A silver-plated copper disk, originally part of a sword-belt, found at Liebenau, Lower Saxony with an early 5th-century runic inscription (mostly illegible, interpreted as possibly reading rauzwih) is classed as the earliest South Germanic (German) inscription known by the RGA (vol. 6, p. 576); the location of Liebenau is close to the boundary of the North Sea and South Germanic zones.

===Gothic===

Out of about a dozen candidate inscriptions, only three are widely accepted to be of Gothic origin: the gold ring of Pietroassa, bearing a votive inscription, part of a larger treasure found in the Romanian Carpathians, and two spearheads inscribed with what is probably the weapon's name, one found in the Ukrainian Carpathians, and the other in eastern Germany, near the Oder.
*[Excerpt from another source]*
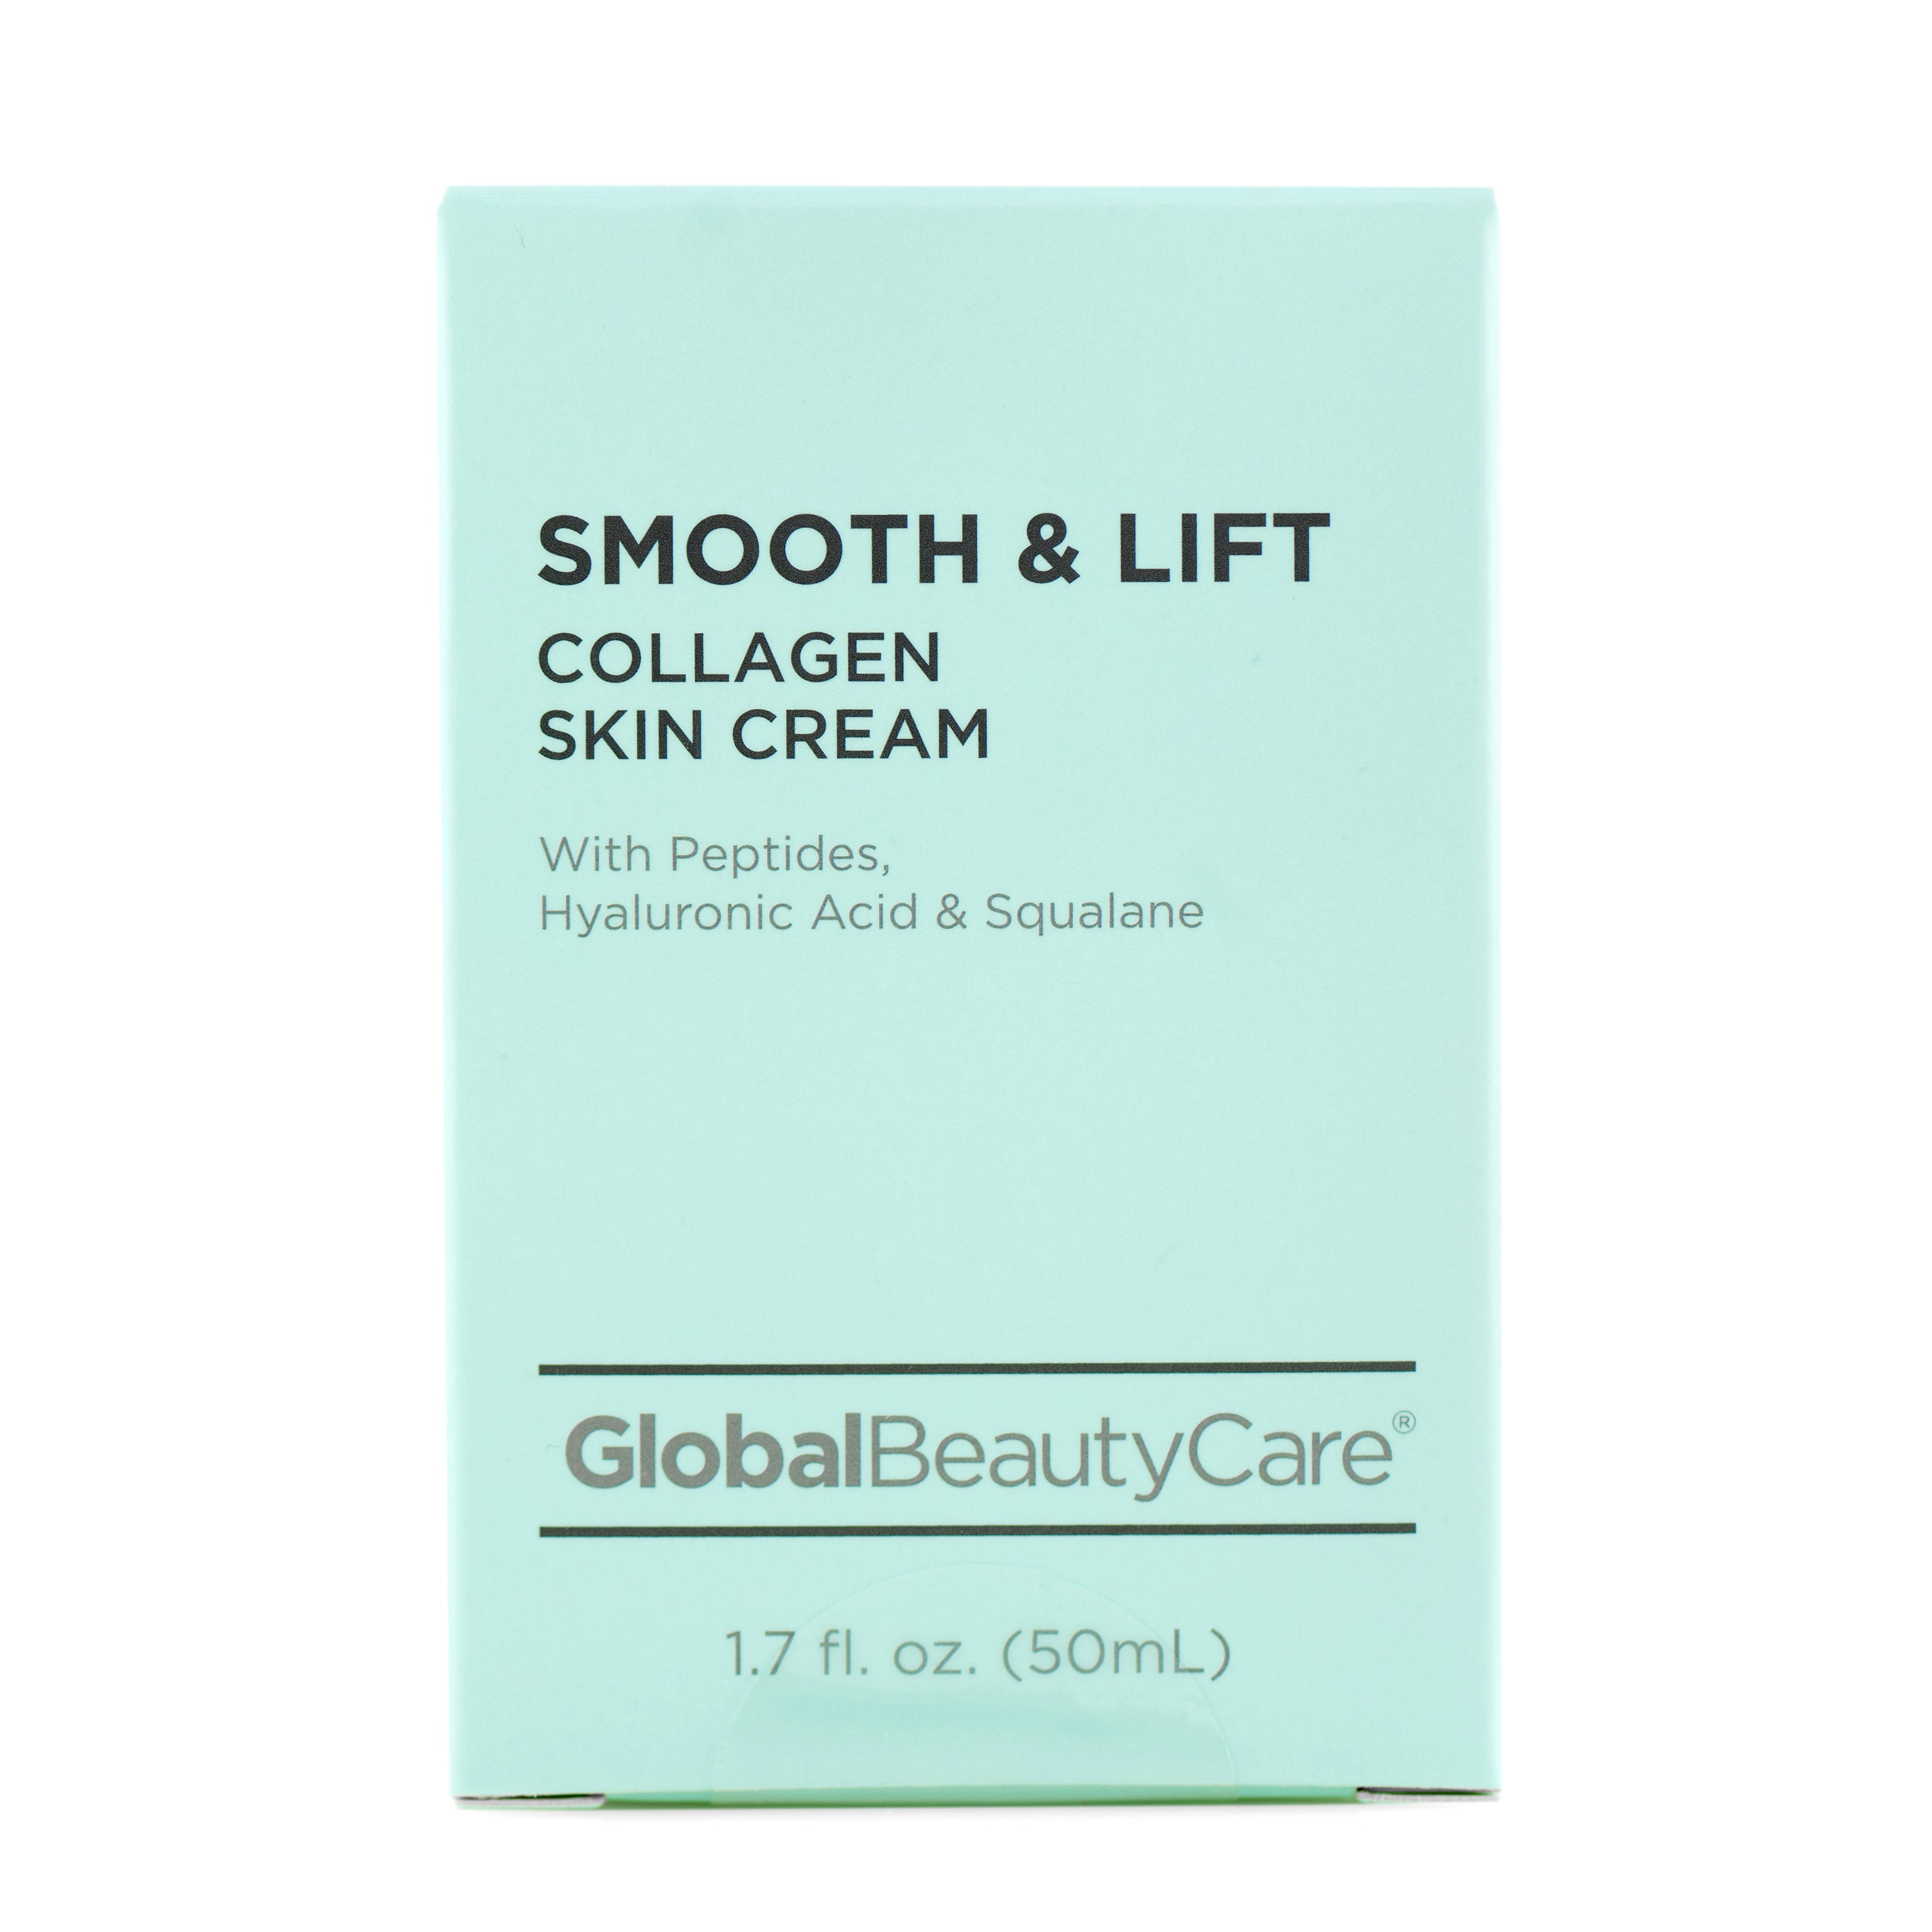 Smooth & Lift Collagen Skin Cream

The inscription on the spearhead of Kovel, found in Ukraine (now lost) is a special case. Its date is very early (3rd century) and it shows a mixture of runic and Latin letters, reading
TᛁᛚᚨᚱᛁDᛊ or TIᛚᚨRIDS (the i, r and s letters being identical in the Elder Futhark and Latin scripts), and may thus reflect a stage of development before the runes became fixed as a separate script in its own right.

===Alemannic===
The known inscriptions from Alemannia mostly date to the century between AD 520 and 620. There are some 70 inscriptions in total, about half of them on fibulae. Some are explicitly dedications among lovers, containing leub "beloved", or in the case of the Bülach fibula fridil "lover".
Most were found in Germany, in the states of Baden-Württemberg and Bavaria. A lesser number originates in Hessen and Rheinland-Pfalz, and outside of Germany there is a single example from Switzerland, and a small number of what are likely Burgundian inscriptions from eastern France.
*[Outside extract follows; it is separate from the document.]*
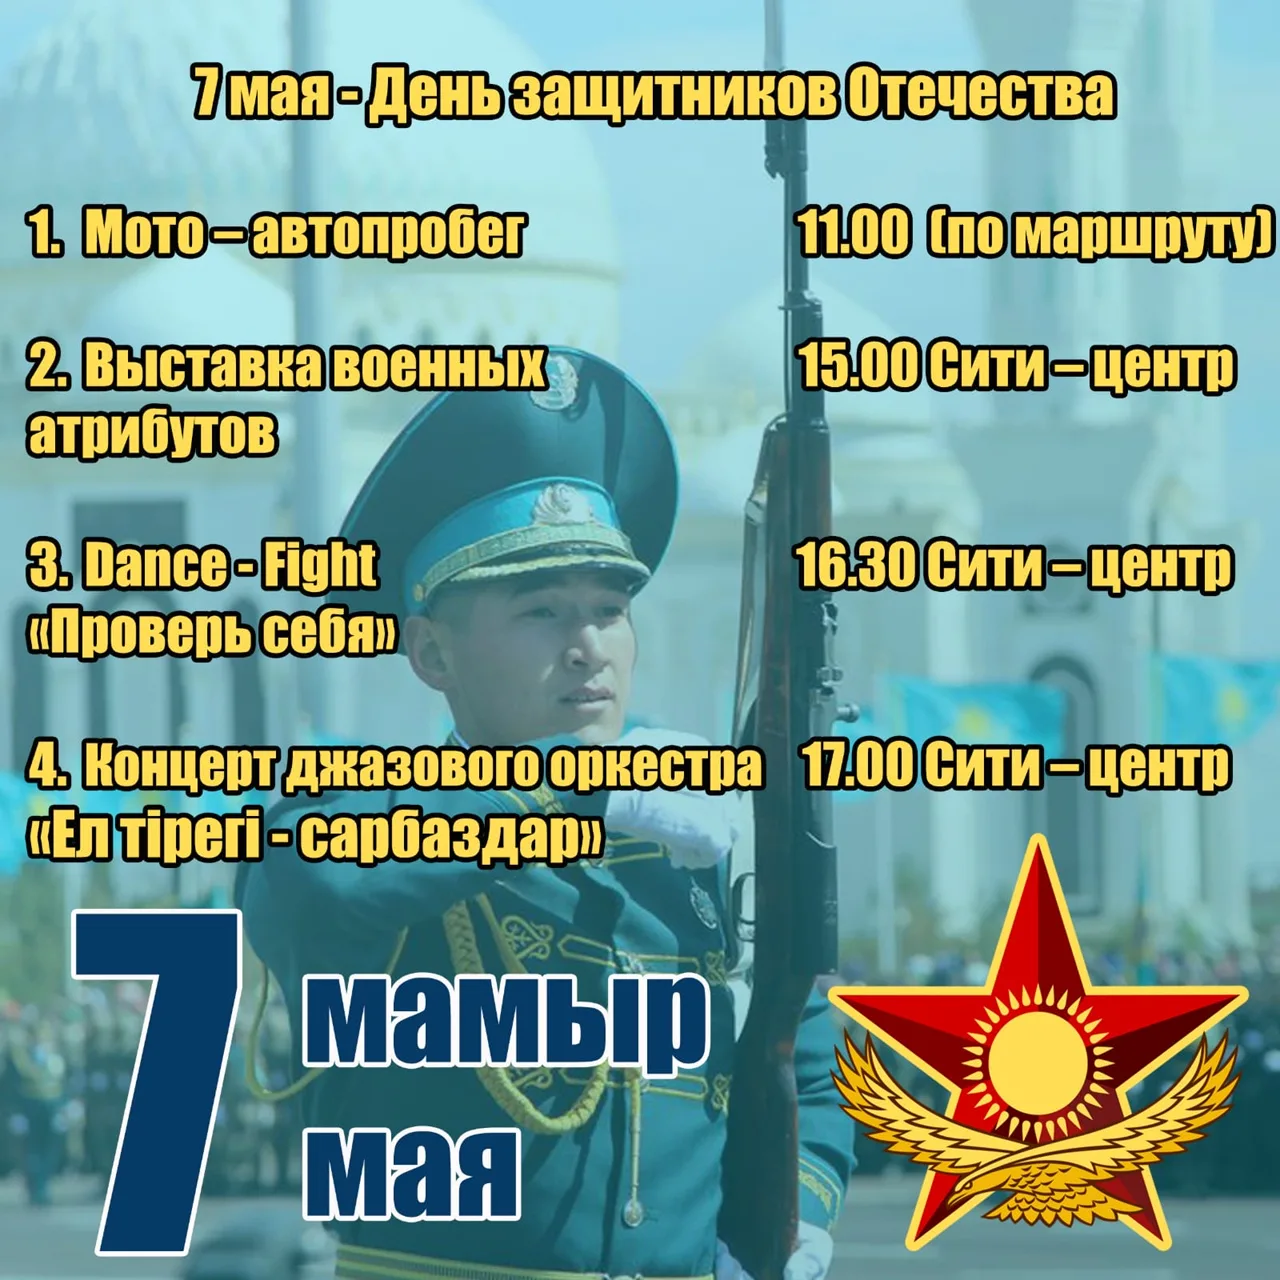 7 мая день защитника отечества. День защитника Отечества Казахстан. 7 Мая день защитника Отечества в Казахстане. Денъзащитника Отечества в Казахстане.

The precise number of inscriptions is debatable, as some proposed inscriptions consist of a single sign, or a row of signs that may also be "rune-like", in imitation of writing, or purely ornamental. For example, a ring found in Bopfingen has been interpreted as being inscribed with a single g, i.e. a simple X-shape that may also be ornamental. Most interpretable inscriptions contain personal names, and only ten inscriptions contain more than one interpretable word. Of these, four translate to "(PN) wrote the runes".
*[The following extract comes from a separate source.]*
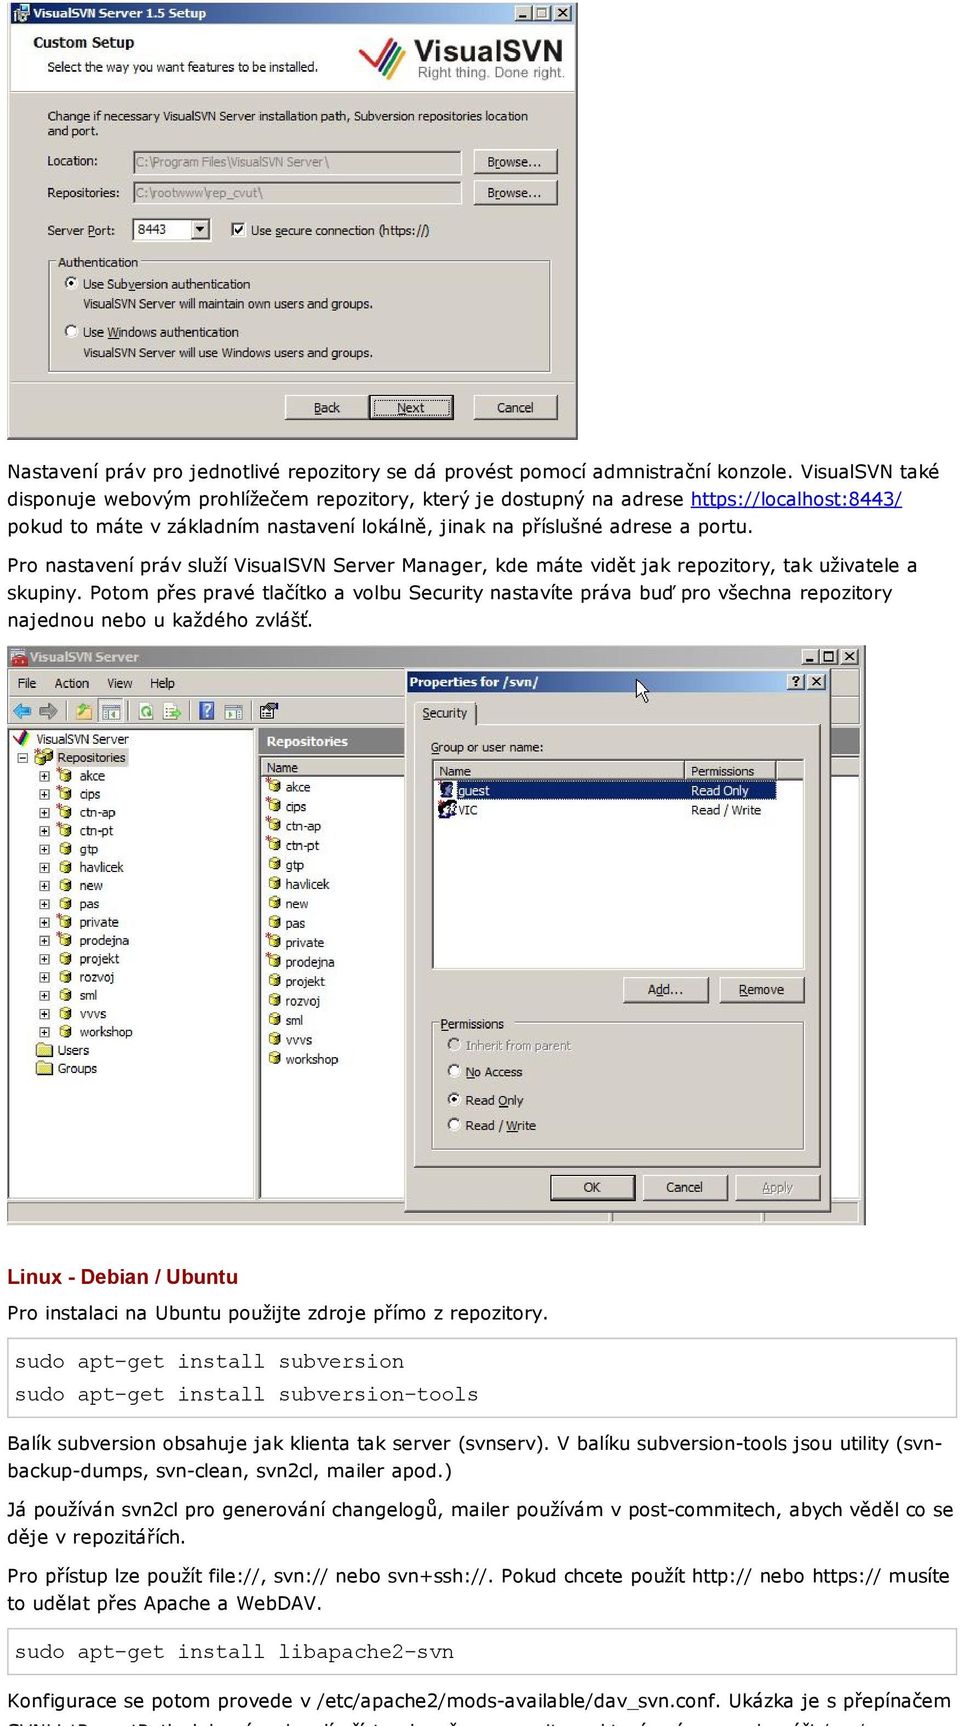 Pro nastavení práv služí VisualSVN Server Manager, kde máte vidět jak repozitory, tak uživatele a skupiny.

The other six "long" interpretable inscriptions are:
- Pforzen buckle: aigil andi aïlrun / ltahu gasokun ("Aigil and Ailrun fought [at the Ilz River?]")
- Nordendorf I fibula: logaþorewodanwigiþonar (three theonyms, or "Wodan and Wigi-þonar are magicians/sorcerers")
- Schretzheim case: arogisd / alaguþleuba : dedun ("Arogast / Alaguth [and] Leubo (Beloved) made it")
- Schretzheim fibula: siþwagadin leubo ("to the Traveller (Wotan?), [from] Leubo (Beloved)", or perhaps "love to my travel-companion" or similar)
- Bad Ems fibula: madali umbada ("Madali, protection")
- Osthofen: god fura dih deofile ("God for/before you, devil/Theophilus". The inscription is one of the youngest of the Alemannic sphere, dating to between 660 and 690, and clearly reflects a Christianized background).

Other notable inscriptions:
- Bülach fibula: frifridil du aftm
- Wurmlingen spearhead, from an Alemannic grave in Wurmlingen, inscription read as a personal name (i)dorih (Ido-rīh or Dor-rīh)
- Schretzheim ring-sword: the sword blade has four runes arranged so that the staves form a cross. Read as arab by Düwel (1997). Schwab (1998:378) reads abra, interpreting it as abbreviating the magic word Abraxas, suggesting influence of the magic traditions of Late Antiquity, and the Christian practice of arranging monograms on the arms of a cross.
- Kleines Schulerloch inscription, of dubious authenticity and possibly a hoax. Considered an obvious falsification by Looijenga (2003: 223). Reads birg : leub : selbrade.

A small number of inscriptions found in eastern France may be Burgundian rather than Alemannic:
- the Arguel pebble (considered an obvious falsification by Looijenga): arbitag | wodan | luïgo[?h]aŋzej | kim |
- the Charnay Fibula: fuþarkgwhnijïpʀstbem | ' uþf[?]þai ' id | dan ' (l)iano | ïia | [?]r |

===Frankish===
Very few inscriptions can be associated with the Franks, reflecting their early Romanization and Christianization. An important find is the Bergakker inscription, suggested as recording 5th-century Old Frankish.
The only other inscription definitely classified as Frankish is the Borgharen buckle, reading bobo (a Frankish personal name).